Dear Integral Meditators,
How do you become really good at meditation and mindfulness? How do you become really good at anything? This weeks article offers a perspective.
I’d like to invite all in Singapore to a free event on the Tuesday 25th at 7.30pm: Integral Mindfulness –Co-creating Professional Success and Personal Wellbeing within Organizations and Leaders . Also, if you know people in companies and organizations who you think may be interested in bringing mindfulness training into their setup, do feel free to pass the invitation onto them!

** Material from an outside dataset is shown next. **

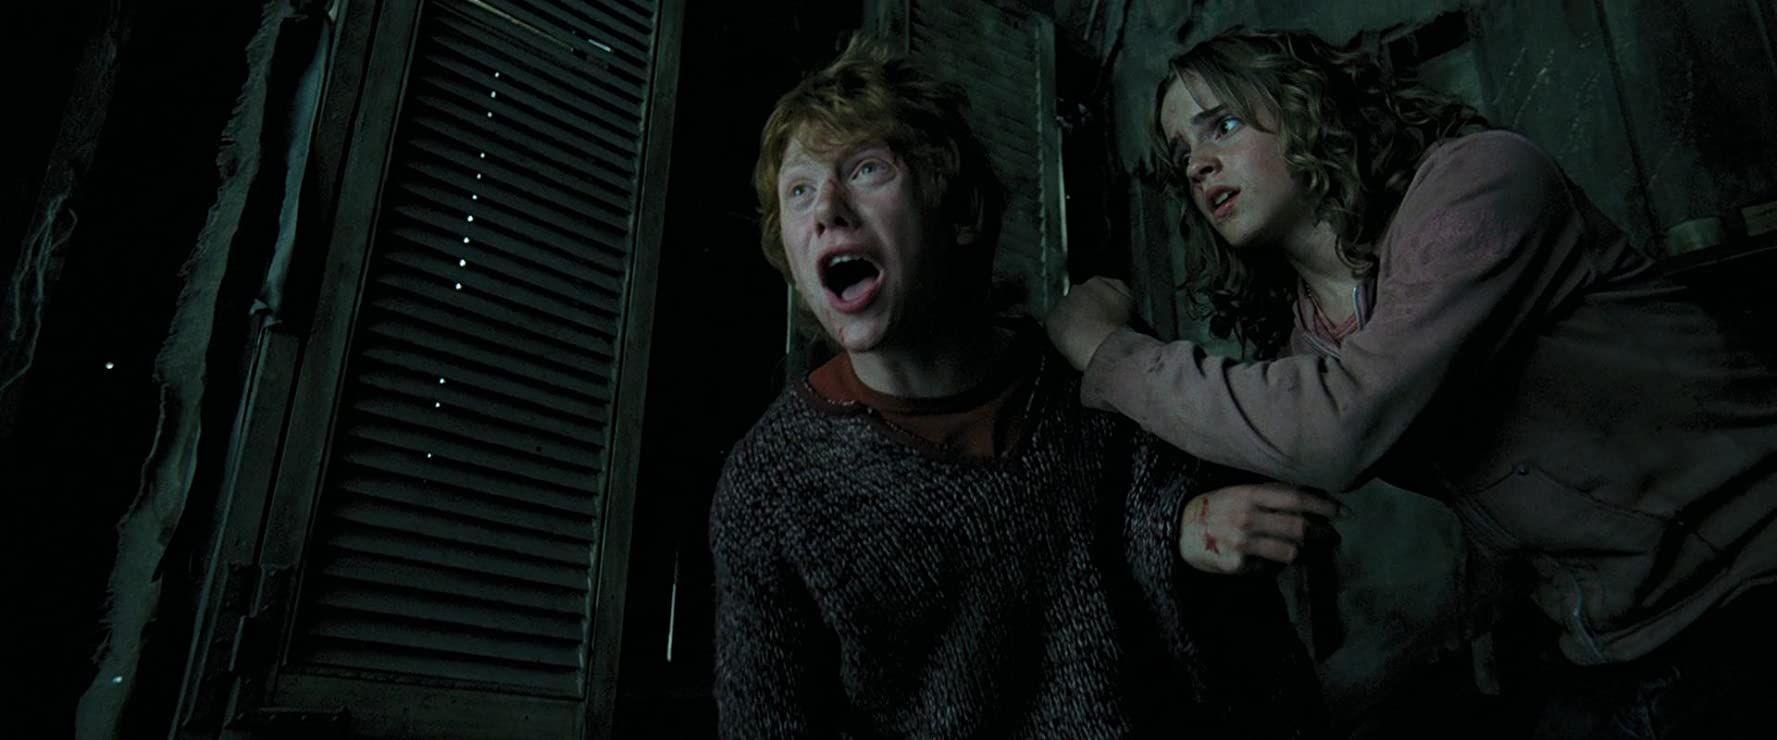 Harry Potter Und Der Gefangene Von Askaban 2004 In 2020 Prisoner Of Azkaban The Prisoner Of Azkaban Azkaban

Yours in the spirit of simple and good,
Toby
Upcoming Courses at Integral Meditation Asia in November:
Still on promotion price until Tuesday 28th October – The Meditation for Creating a Mind of Ease Online Course
Tuesday 25th November, 7.30-9pm – Evening event – Integral Mindfulness –Co-creating Professional Success and Personal Wellbeing within Organizations and Leaders
Sun 30th Nov, 9.30am-12.30pm – Living Life From Your Inner Center – Meditations for Going With the Flow of the Present Moment
Sun 30th Nov, 2pm-5pm – Finding Freedom From What Holds You Back in Life: Practical Meditations And Techniques For Working With your Shadow-Self – A Three Hour Workshop
Simple and Bad, Simple and Good
You may have heard the story about the way a great poet evolves:
First his/her poetry is simple and bad,
Then it is complicated and bad,
Then it becomes complicated and good,
Finally at the level of mastery it becomes simple and good.
If you want to develop your meditation and mindfulness practice it is also like this. The key is to recognize that that way to become a great meditator is to accept and enjoy being a bad meditator so that organically over time you become a good one, and eventually a master.
Of course this is a way of approaching any task in life. When I first started trying to run a business as an ex-monk and ex-artist I was simple and bad at it, then I was more complicated but still quite bad! Now I occasionally peak to the complicated and good level, with occasional ‘zen moments’ of good simplicity, rapidly lost!
If I could pick a skill that I would like to pass onto my daughter as she grows up, I think the skill of learning to be simple and bad, but then to persist and be happy to fail well and learn would be in the top three. If she has this skill she can become good at whatever she wants, and success in one form or another will be, as a result difficult, to avoid. If she has this, she will be fine.
Because I have this skill of being mindfully happy to be simple and bad whenever necessary, I know ultimately I’ll be fine, and in all probability successful in my chosen endeavours.
If you have it you probably will be too.